Task requirements >> Copy each line below as written, but skip the pictures.

Data provided >>
"""

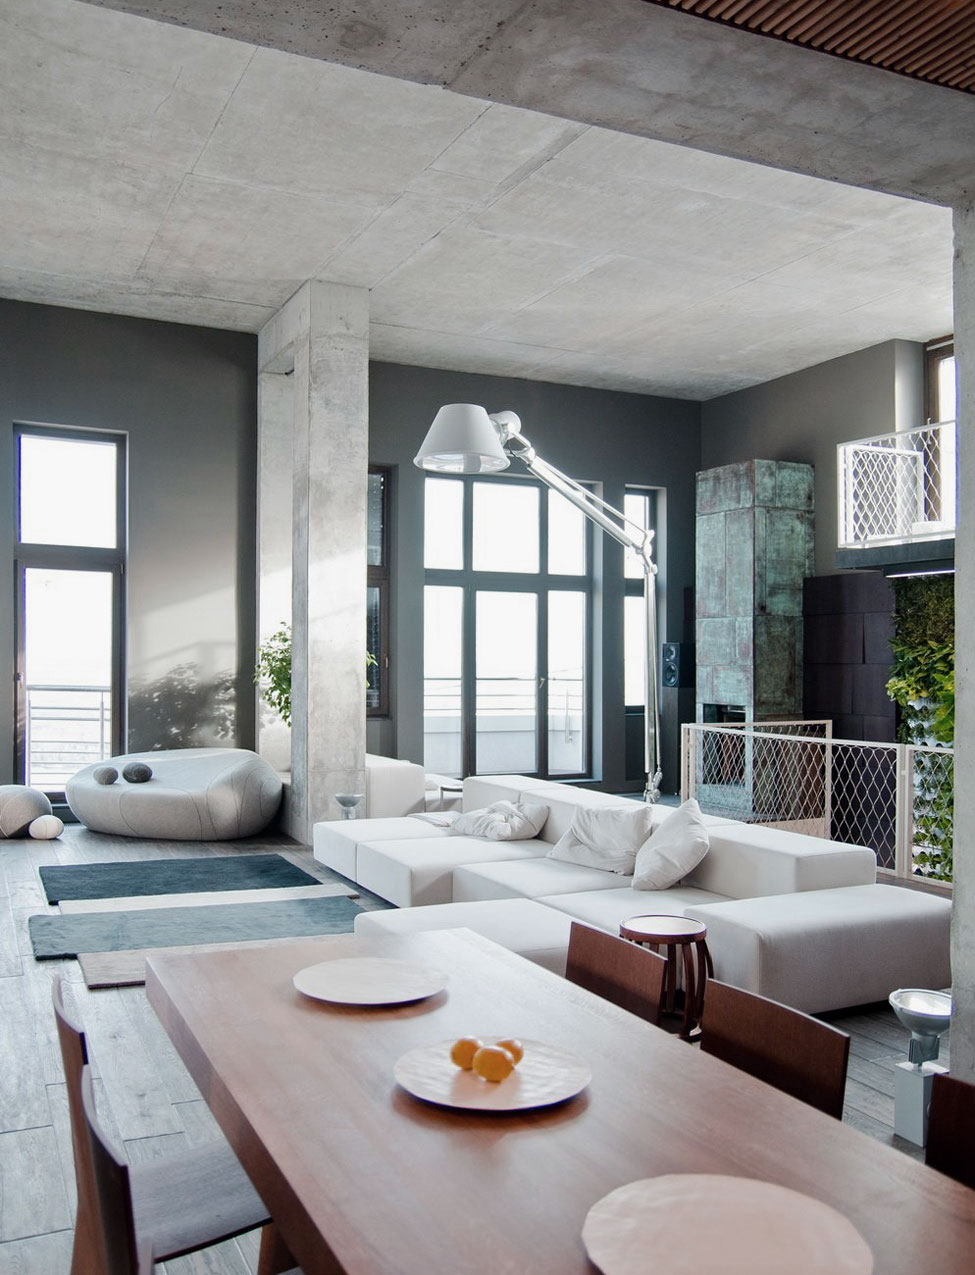 Open Plan Living Dining Room Ideas - Interior Design Ideas
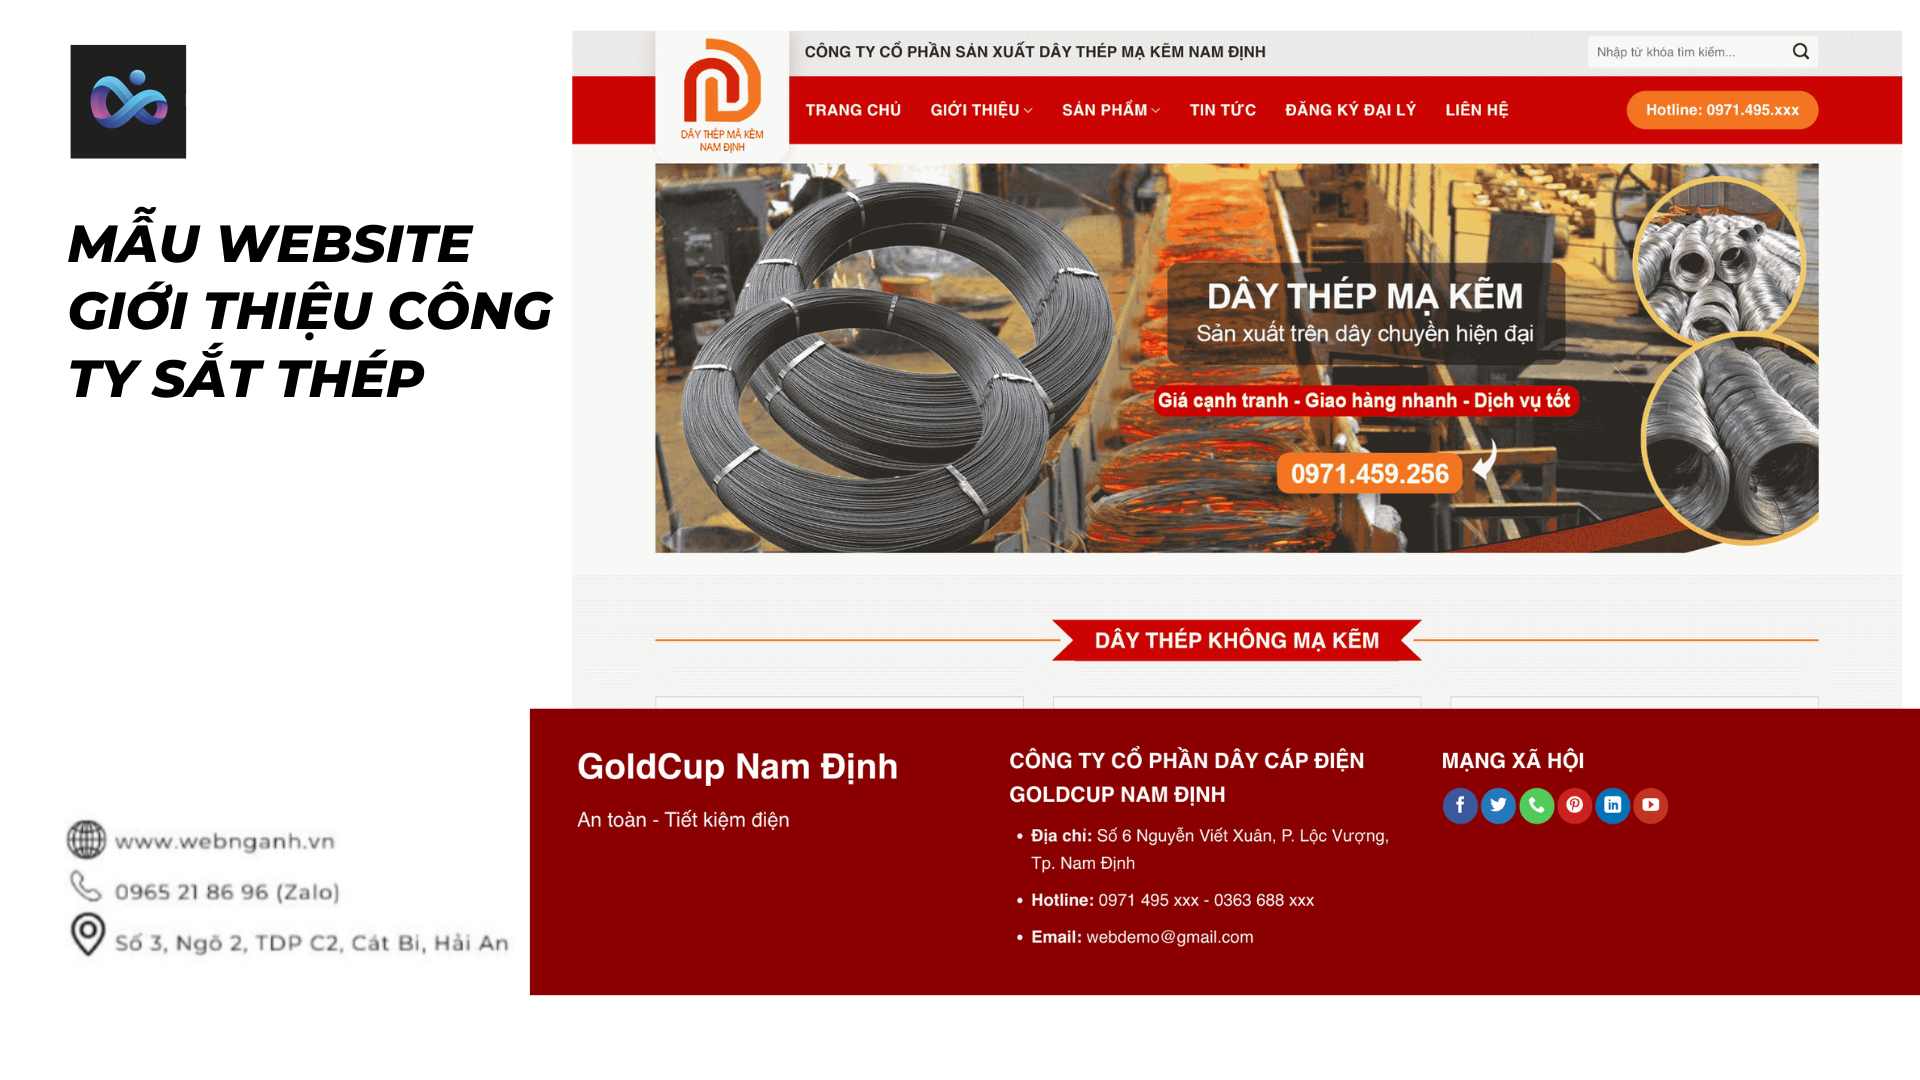 Mẫu Website giới thiệu công ty sắt thép
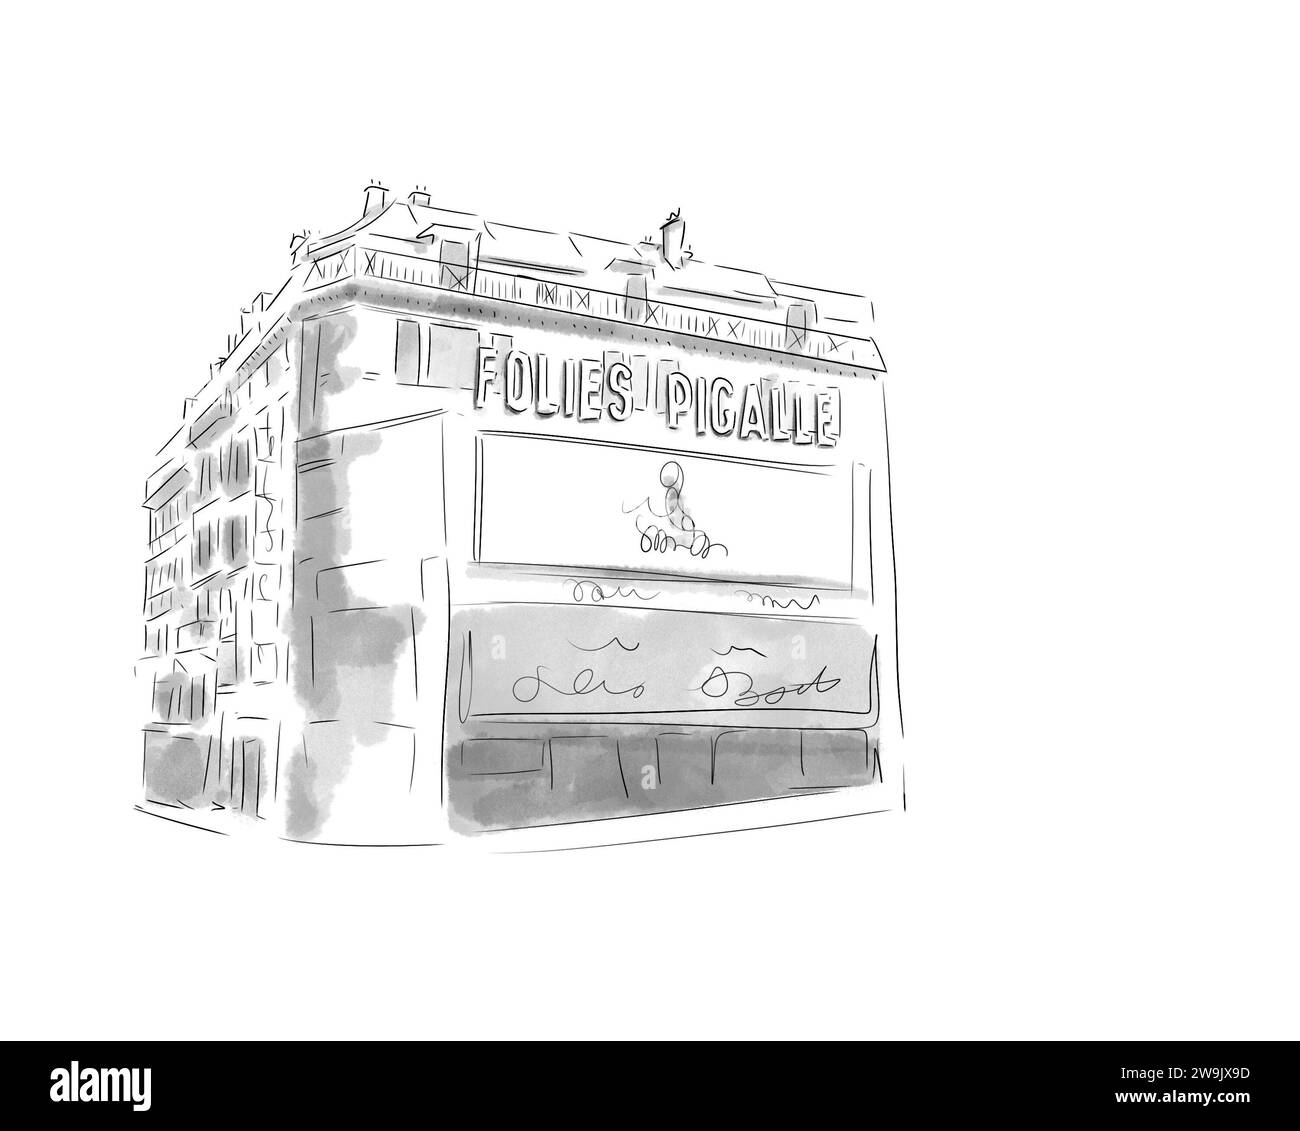 Illustration en noir et blanc de monument de Paris, Folies Pigalle Moulin Rouge Stock Photo

"""

Answer to this problem >>
 Open Plan Living Dining Room Ideas - Interior Design Ideas
 Mẫu Website giới thiệu công ty sắt thép
 Illustration en noir et blanc de monument de Paris, Folies Pigalle Moulin Rouge Stock Photo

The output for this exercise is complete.